Poiché anche le sale veneziane soffrono di problemi tecnici legati alle proiezioni, il ritardo di oltre un’ora del film della Delaporte ci costringe a saltare un paio di proiezioni. Alan Smithee nel pomeriggio ha recuperato il nuovo divertissement di Hong Sangsoo, Hill of Freedom, ennesima variazione del suo percorso sulla riflessione sul concetto di identità: «Questa era la mia idea iniziale: una donna che riceve lettere da un uomo del suo passato. Un uomo che rimane indeciso. La busta, molto spessa, contiene un gran numero di lettere non datate e scritte in forma di diario. La donna, sorpresa, maldestramente sconvolge per l'ordine sequenziale delle lettere. In che modo questo influisce sul significato del testo che leggerà? Può questo sconvolgimento nella sequenza cronologica causare turbamento nella donna durante la lettura delle lettere dell'uomo?», spiega il regista. Qui, la recensione. Per le Giornate degli Autori, particolarmente interessanti e ricche di stimoli sono risultate essere le visioni del corto The Show MAS Go On di Ra di Martino e del mediometraggio olandese Between 10 and 12 di Peter Hoogendoorn. Per distrarci, il mare sa anche regalarci particolari visioni, come quella che vedete sotto.
La serata ci offre infine la visione del secondo titolo in concorso di oggi: Red Amnesia di Wang Xiaoshuai. Storia di una vedova in pensione e dal carattere caparbio che vede la sua esistenza routinaria sconvolta da una serie di chiamate anonime, Red Amnesia si manifesta pe ril regista come un progetto molto personale: «Dalla morte di mio padre, la mia settantenne madre, che vive da sola, non vuole più rinunciare a prendersi cura dei nipoti e di noi figli. Sembra non importarle nulla del riposo. Il suo comportamento mi fa riflettere sul senso della vita per il popolo cinese e sul fatto che la generazione a cui appartiene ha perso coscienza di sé. I suoi coetanei non sanno chi sono e che vita alternativa potrebbero avere. Per questo motivo, volevo dapprima realizzare un film su una donna sempre in movimento ma, mentre lavoravo alla sceneggiatura, ho scoperto che la mancanza di autocoscienza è un fenomeno molto popolare in Cina e ho deciso di esplorarne le cause.
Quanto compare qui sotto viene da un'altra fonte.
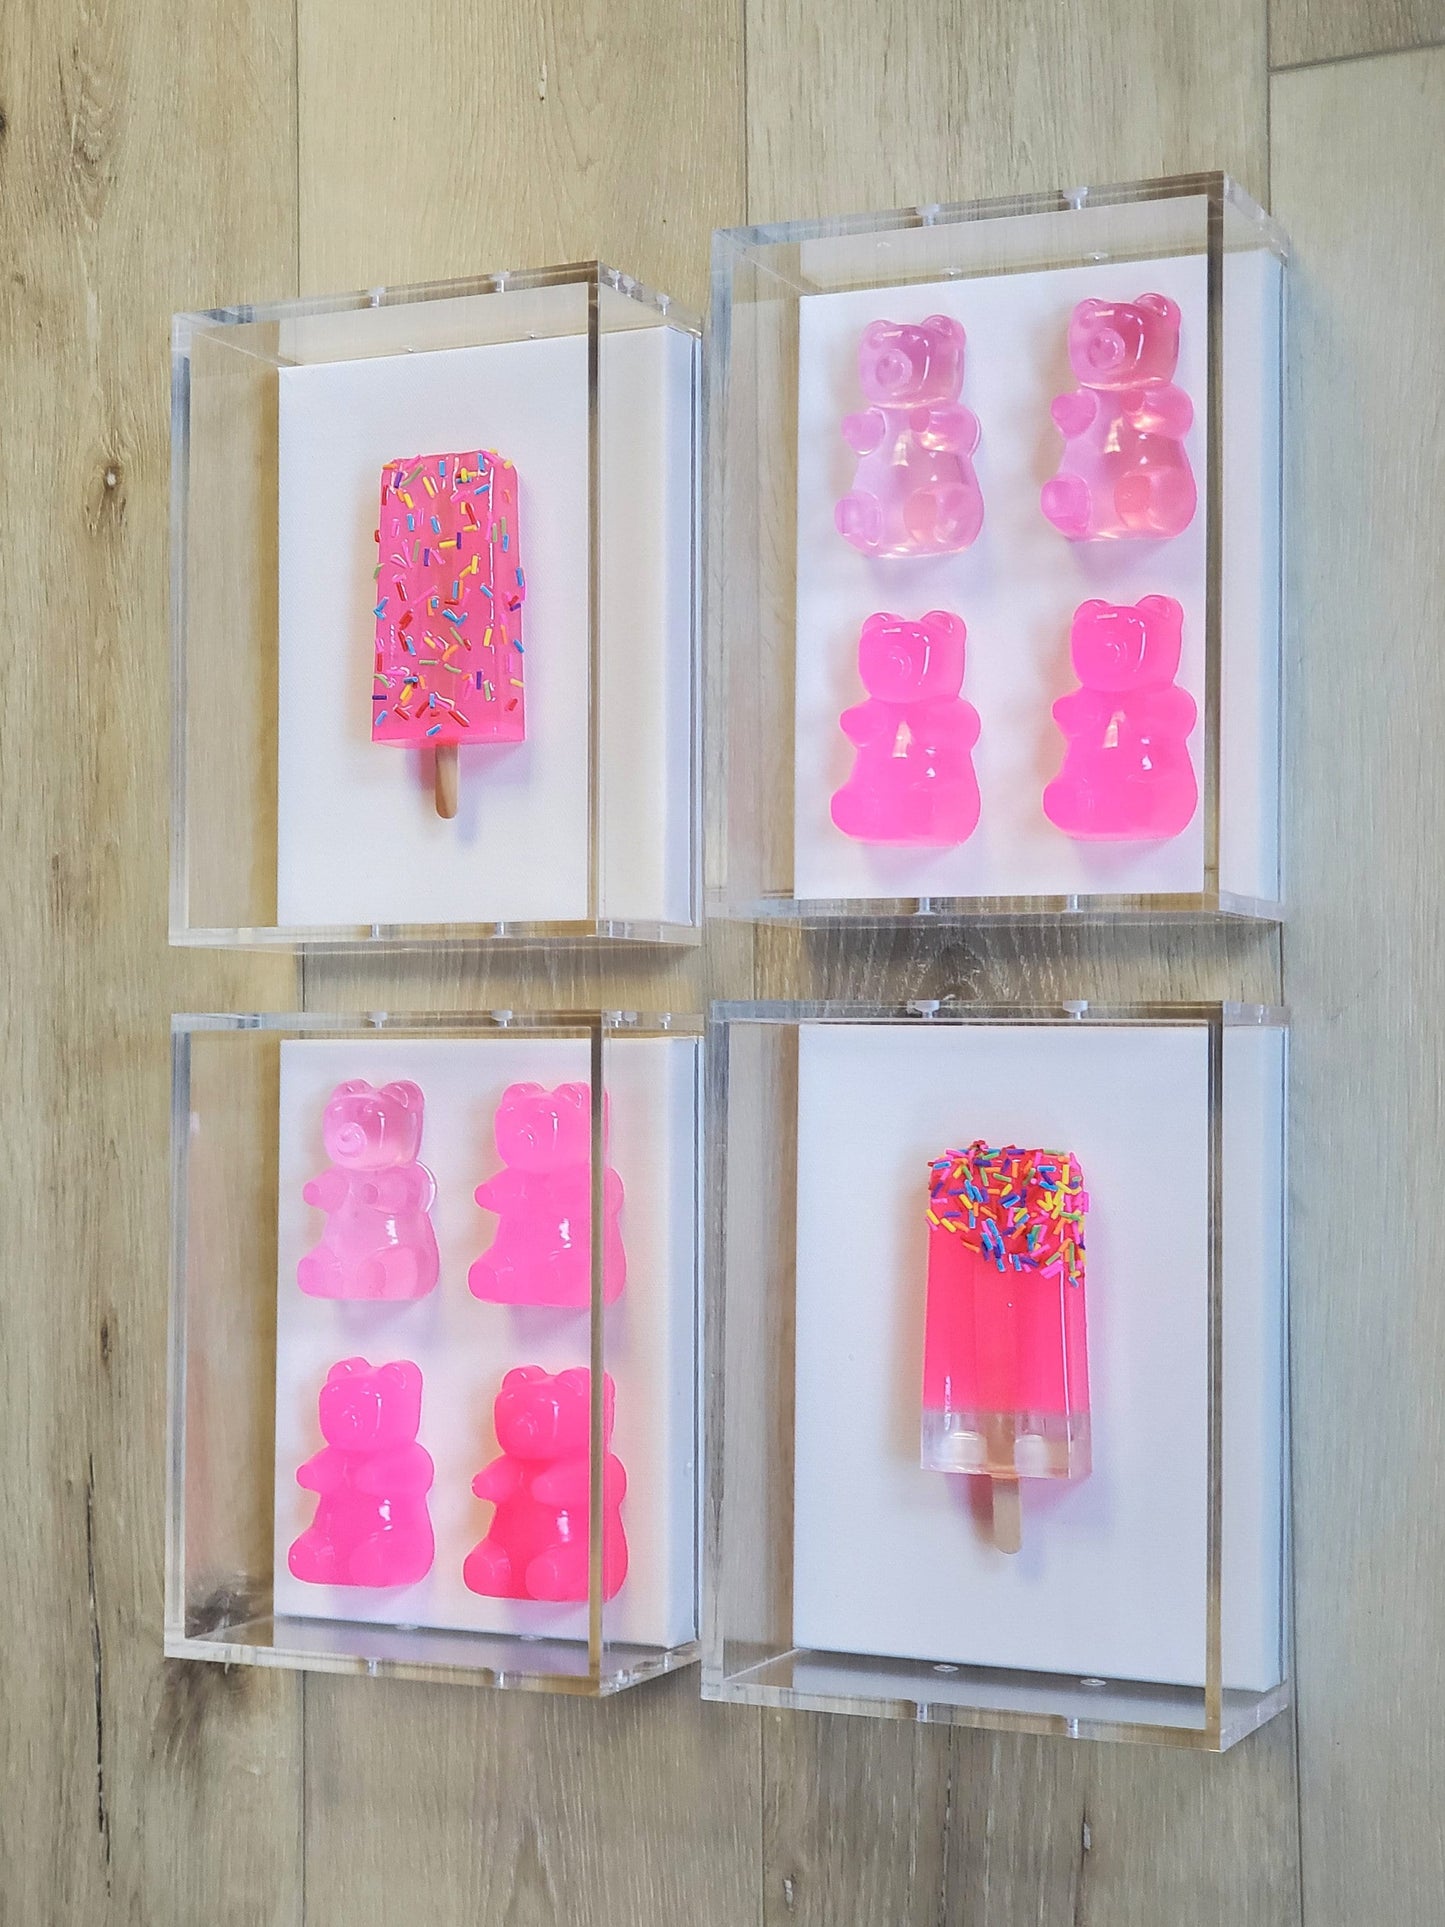 Pop Art, Visual 3D Art, Set of 9 Boxes,Customize Luxury Sculpture Wall Art, Popsicle, Bears, Donuts.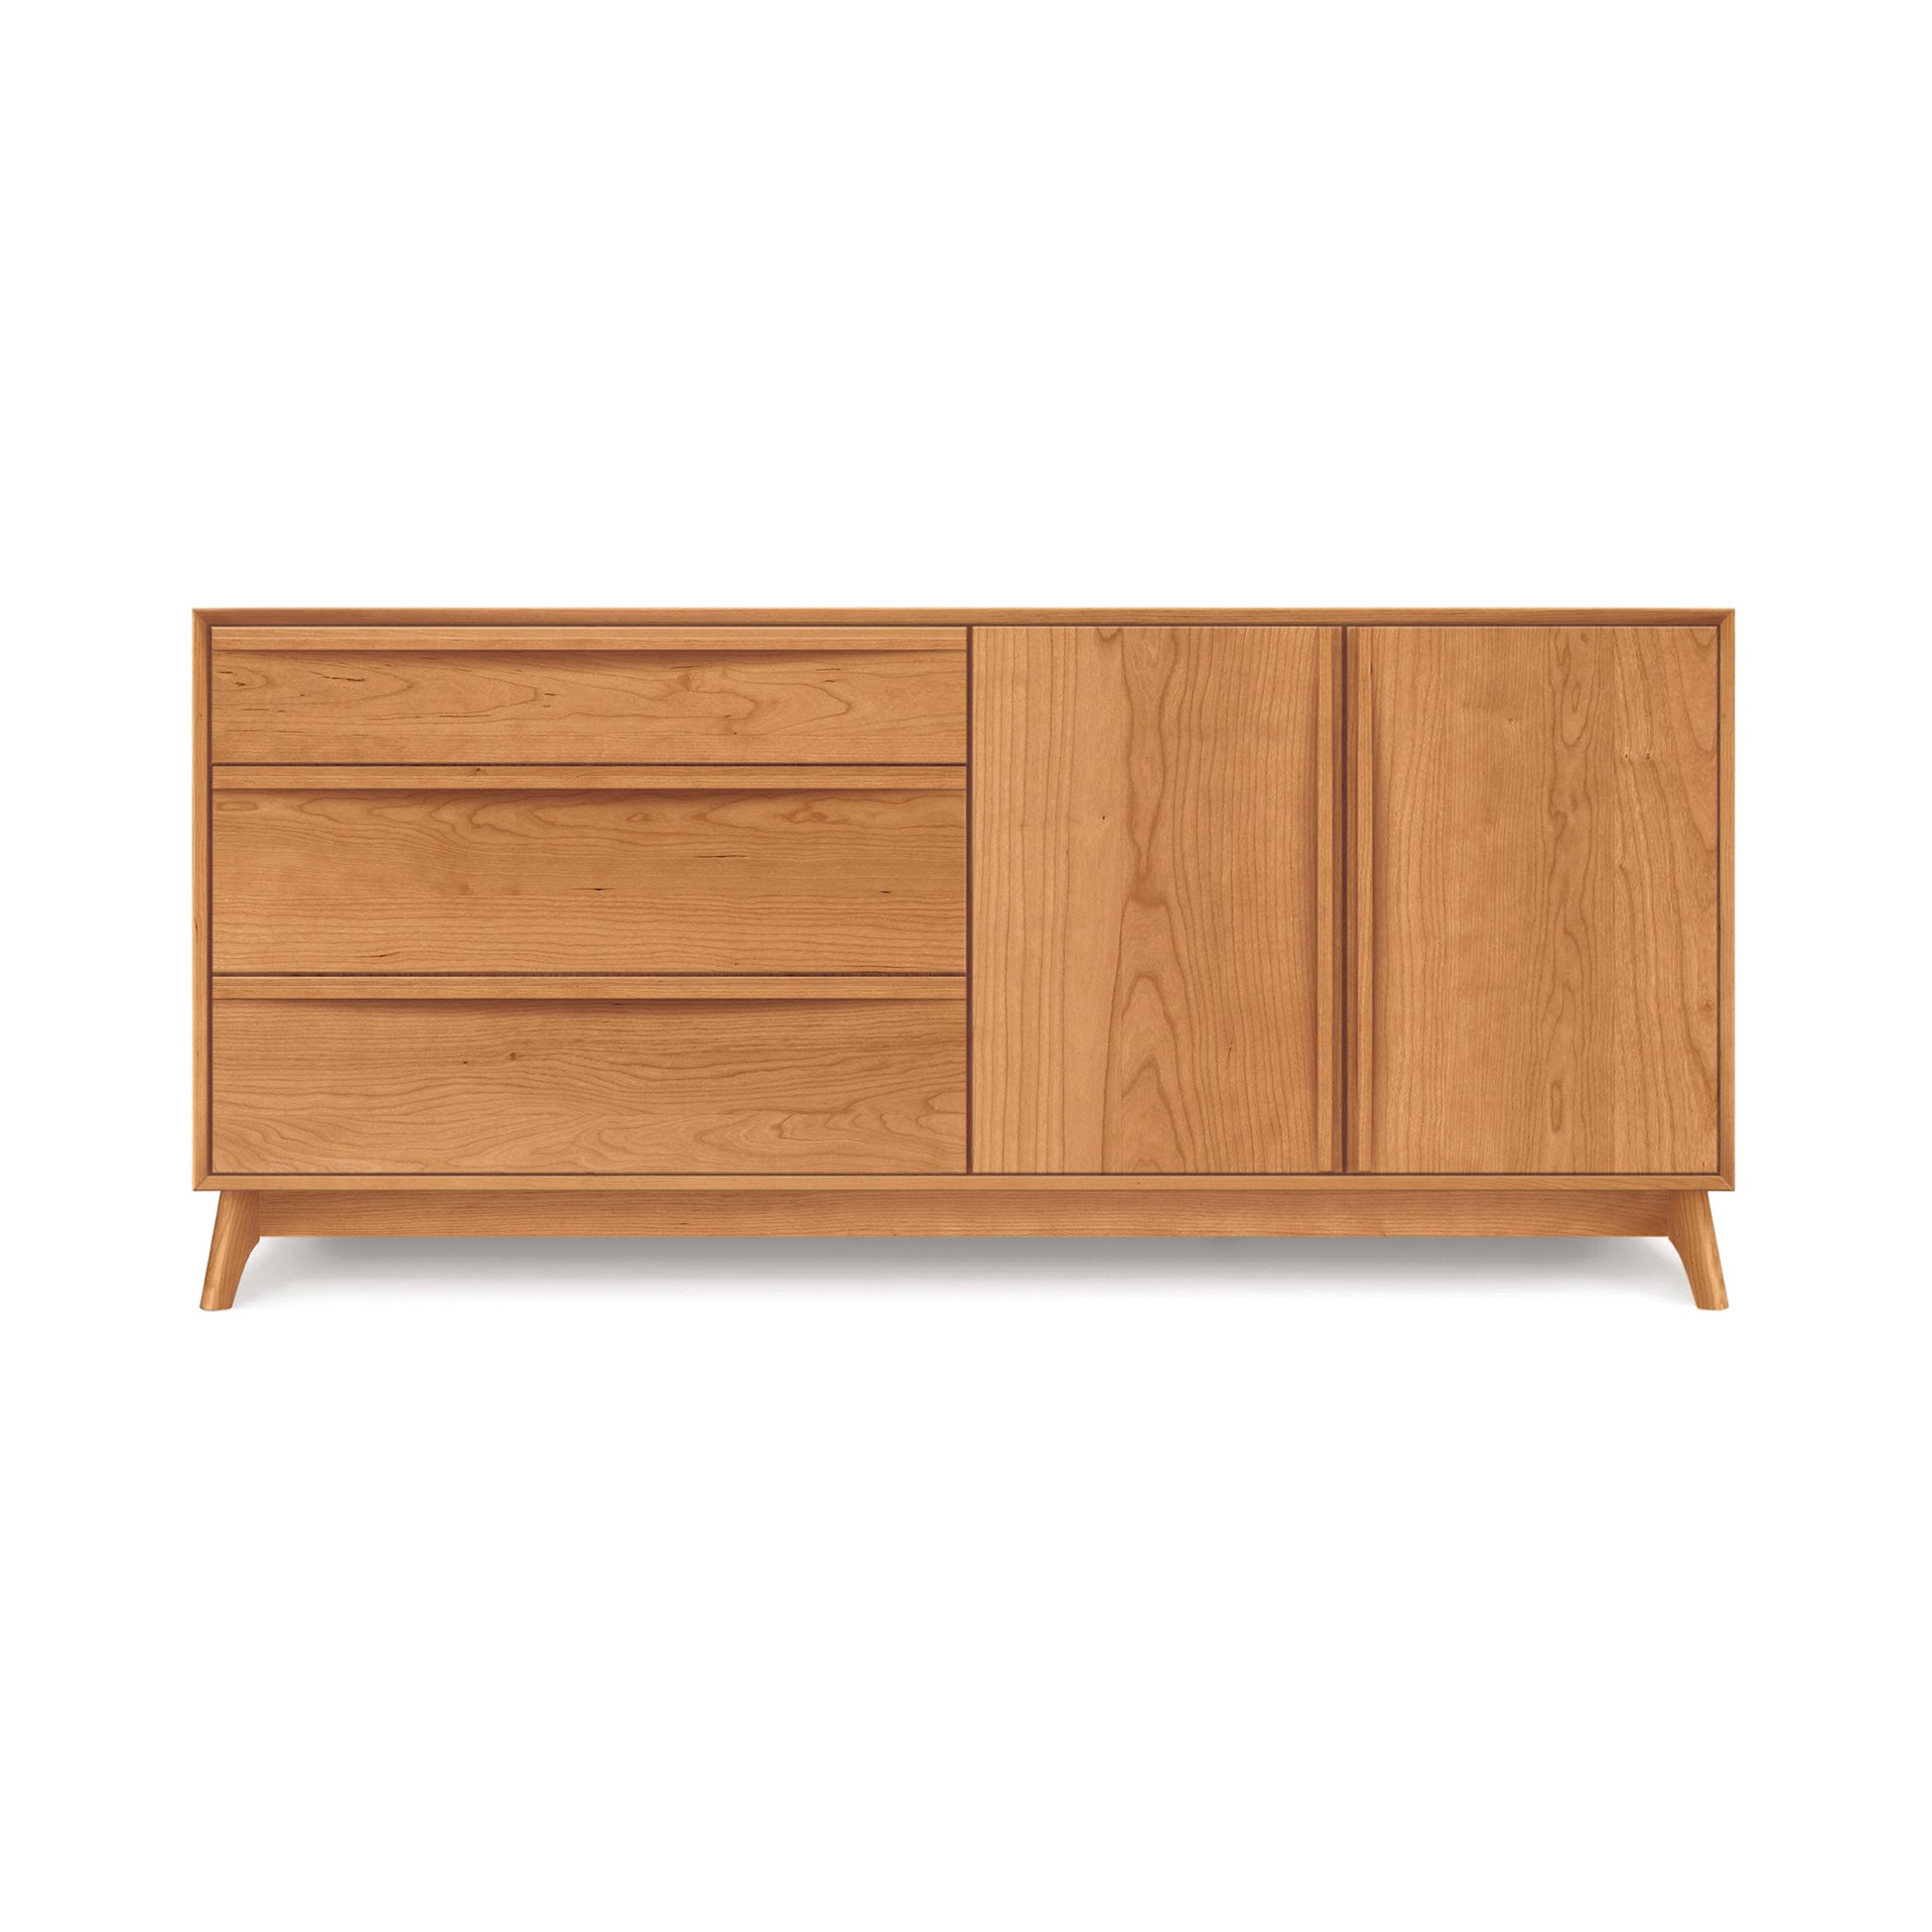 A modern Catalina 3-Drawers, 2-Door Buffet from Copeland Furniture, resting on angled legs, against a white background.

La colpa è legata a come sono si è cresciuti dopo la costituzione della Repubblica popolare cinese e ai principi istruiti dai vari movimenti politici, che con un lavaggio del cervello senza precedente hanno reso tutti insensibili e con le esistenze vuote». Mai parere mio e di Alan furono più differenti: recensione di Spaggy, recensione di Alan Smithee.